__Supplied material__.
========================================================================

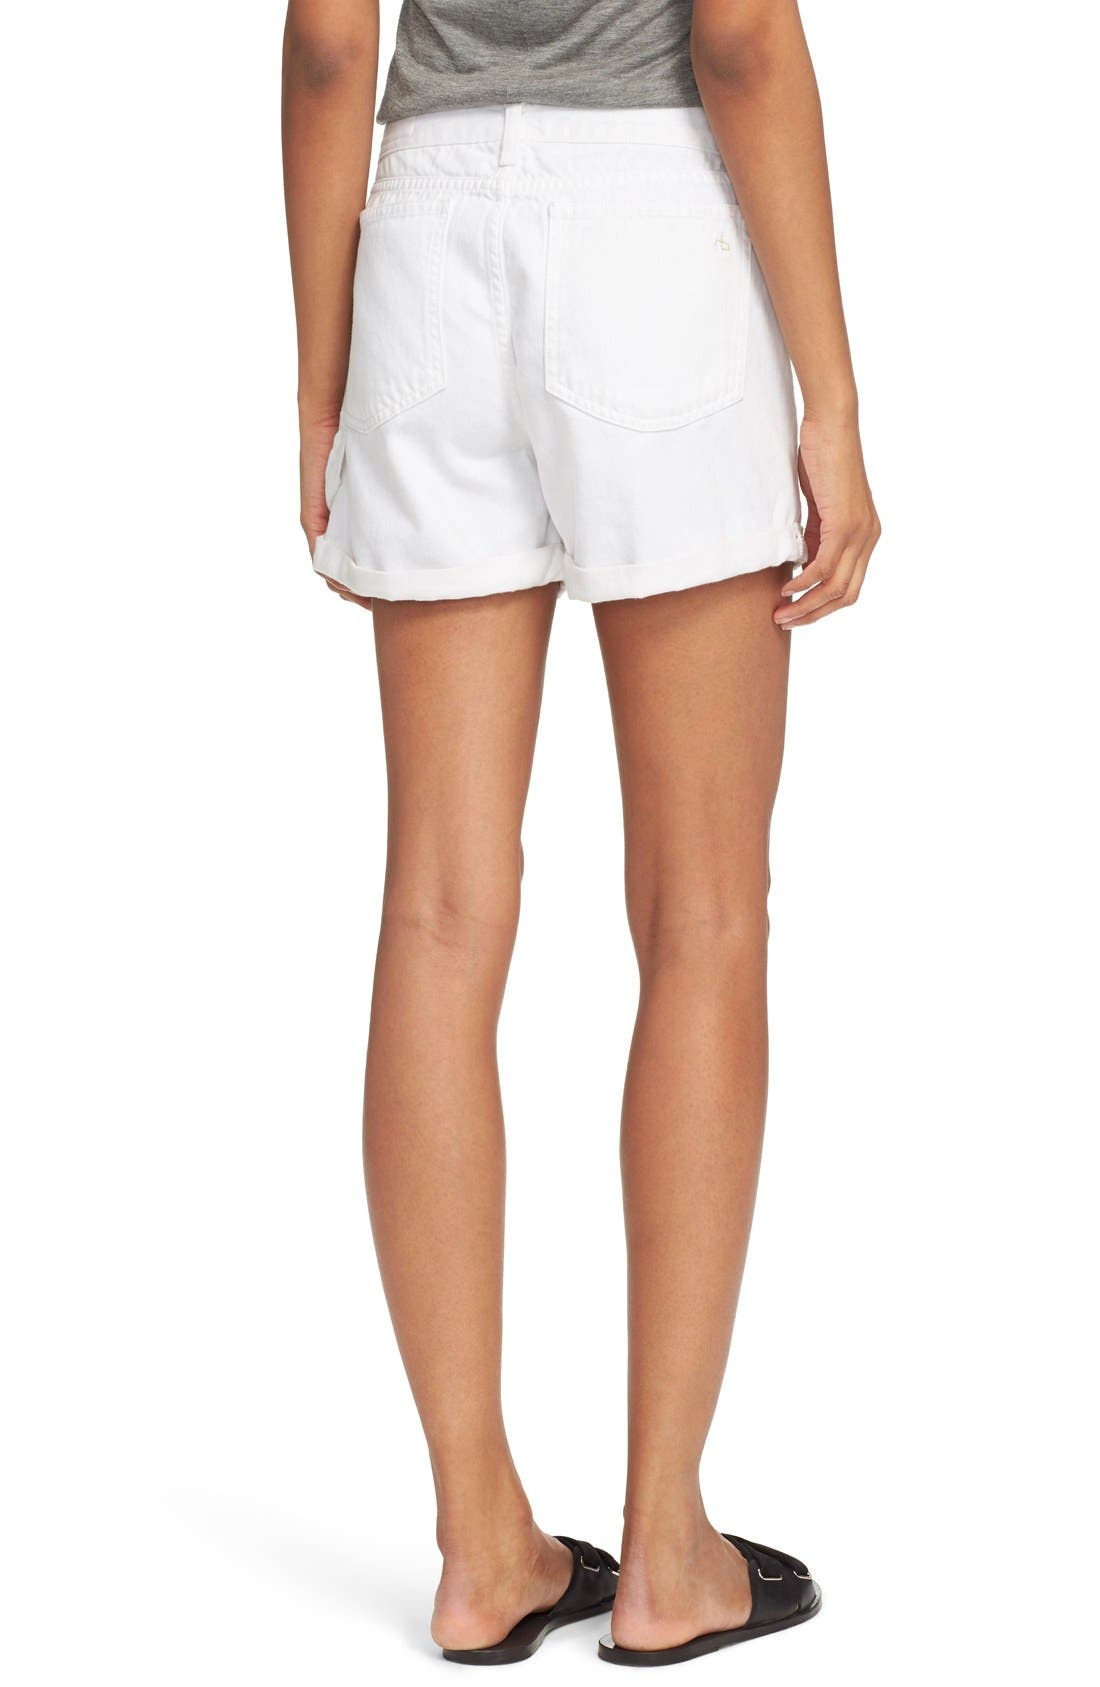 Alternate Image 2  - rag & bone/JEAN 'Carpenter' Cuffed Denim Shorts (Aged Bright White)
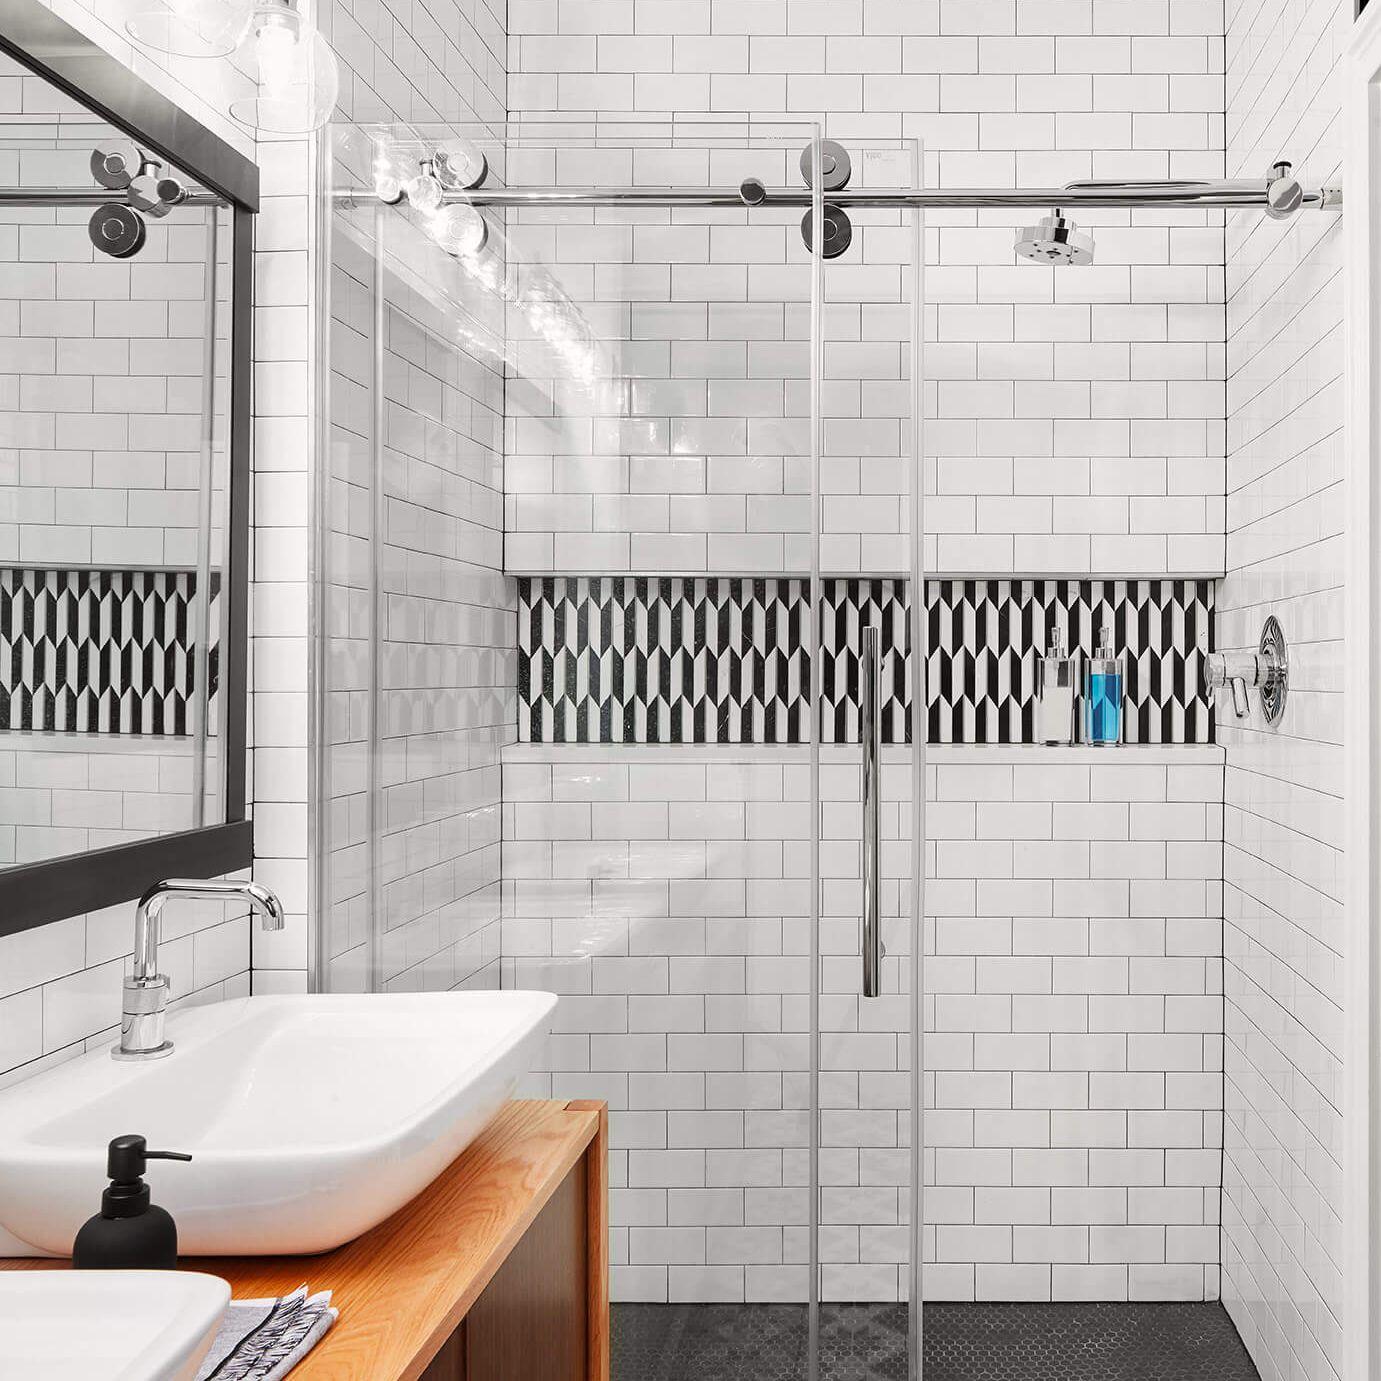 16 Subway Tile Bathroom Ideas To Inspire Your Next Remodel,Indian Non Modular Kitchen Designs
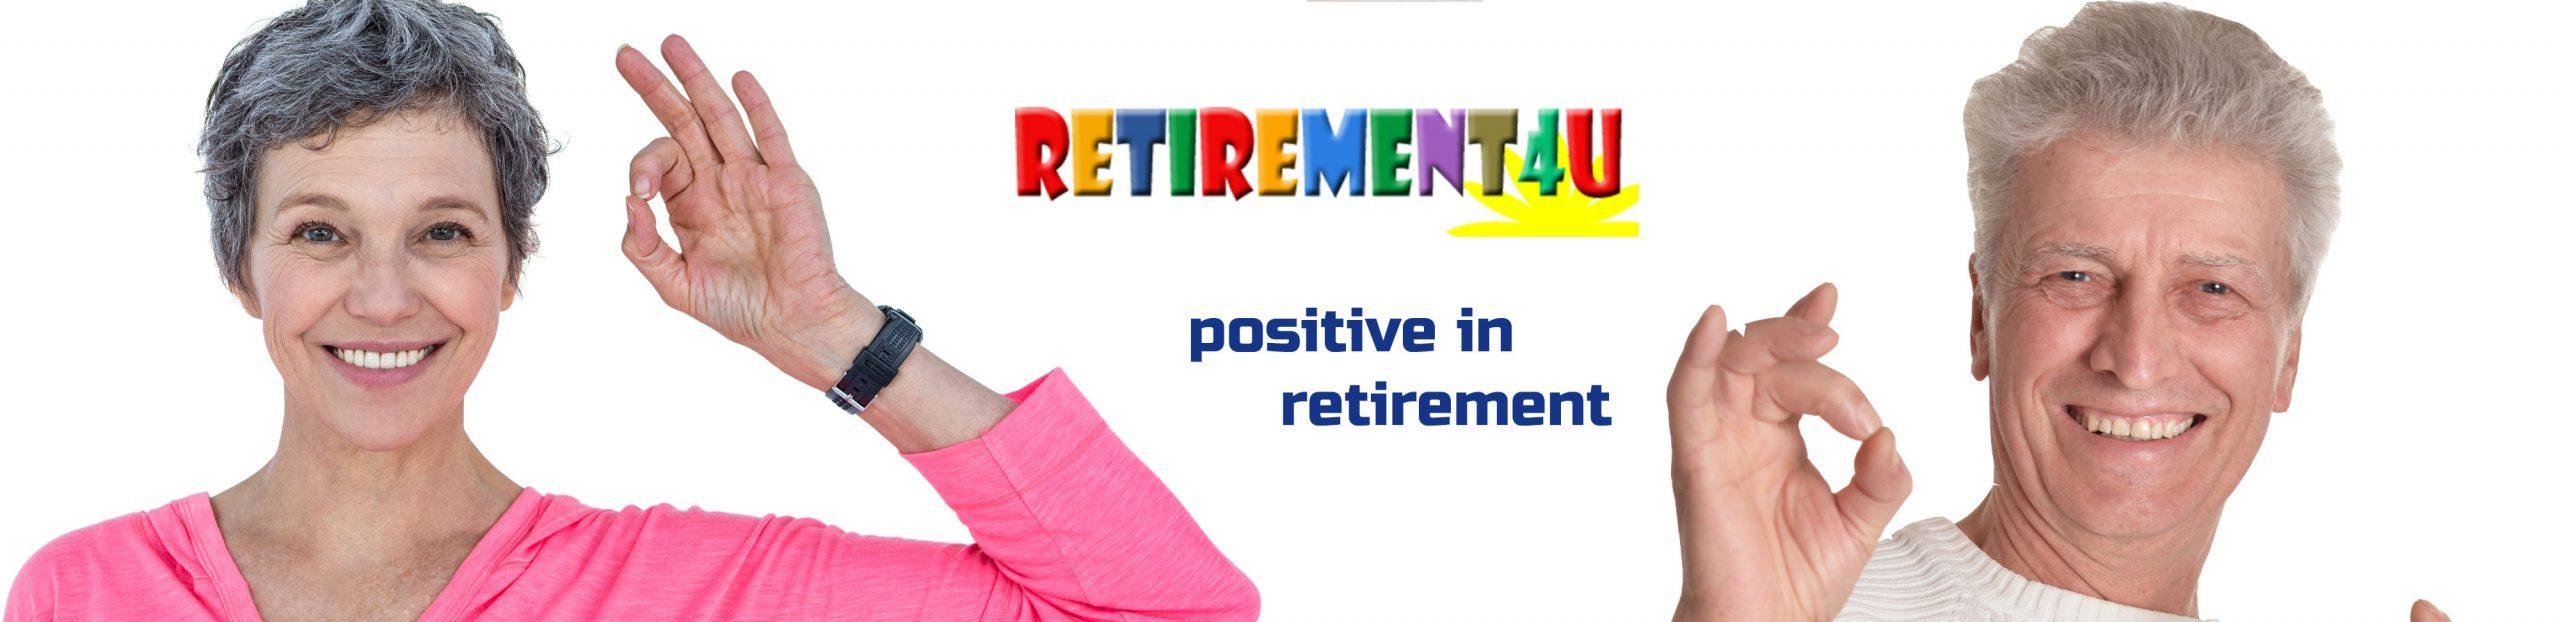 retirement - be positive
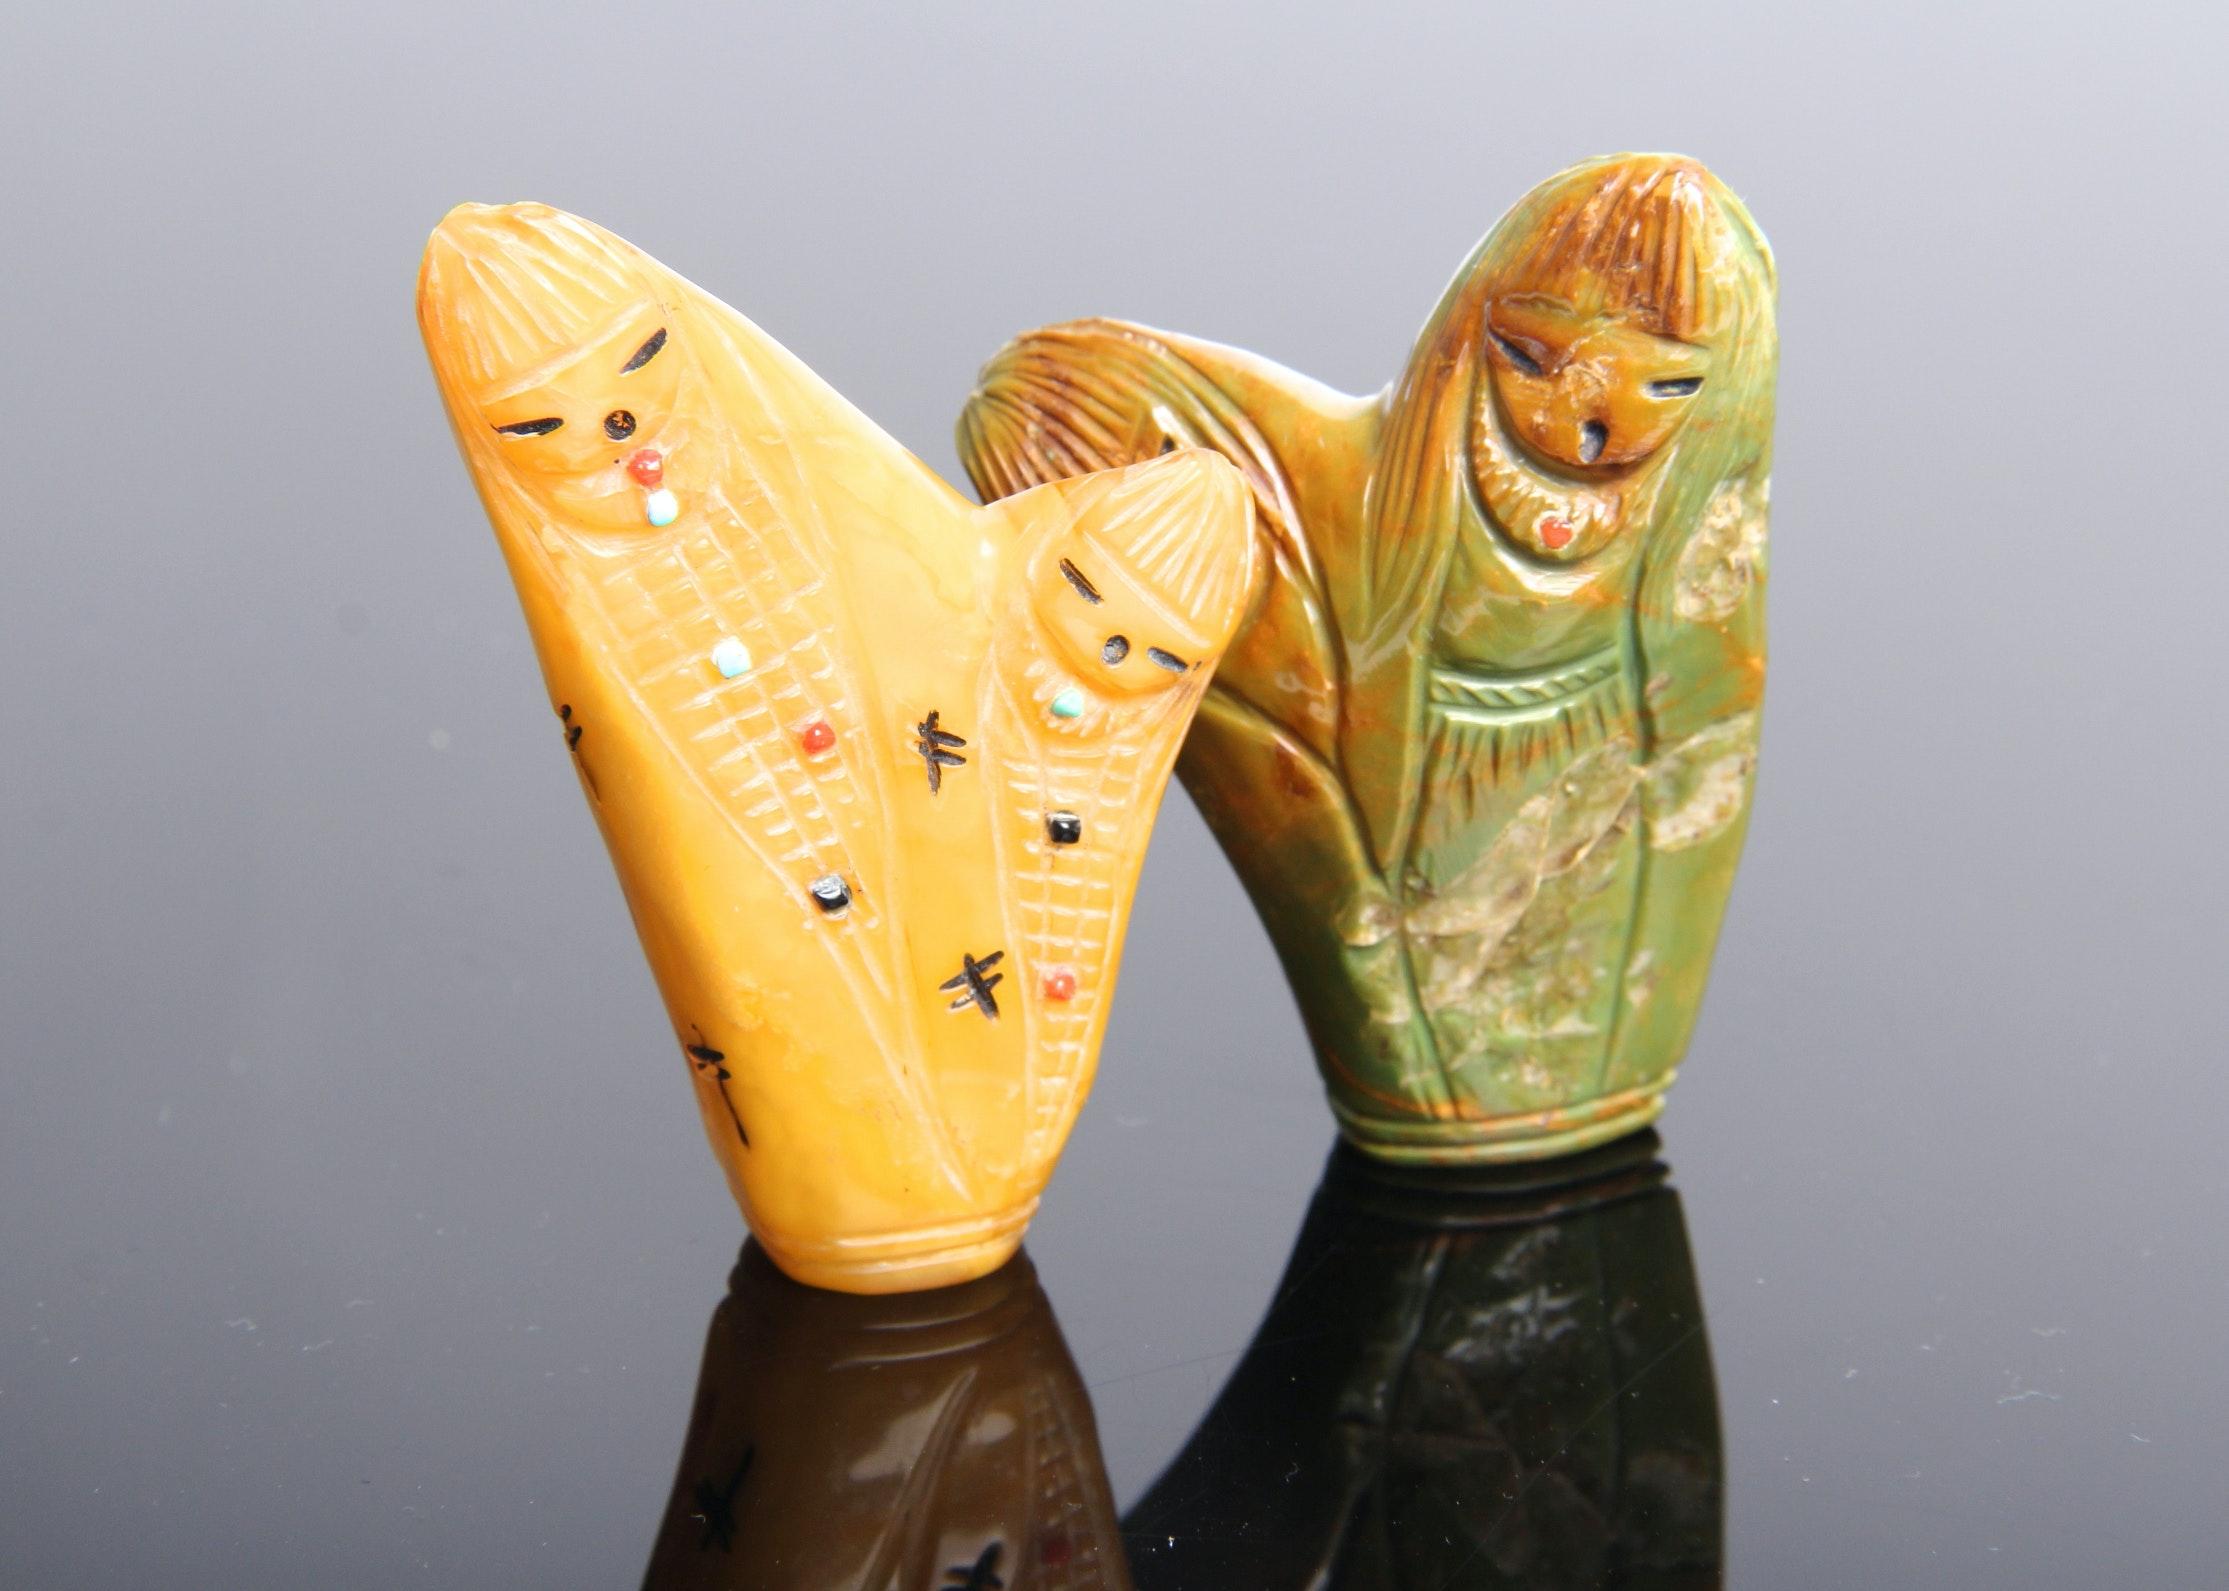 Corn maiden fetish

========================================================================

__Task goal__. An exact reproduction of the data is needed, with no pictures included.

__Task answer__.
 Alternate Image 2  - rag & bone/JEAN 'Carpenter' Cuffed Denim Shorts (Aged Bright White)
 16 Subway Tile Bathroom Ideas To Inspire Your Next Remodel,Indian Non Modular Kitchen Designs
 retirement - be positive
 Corn maiden fetish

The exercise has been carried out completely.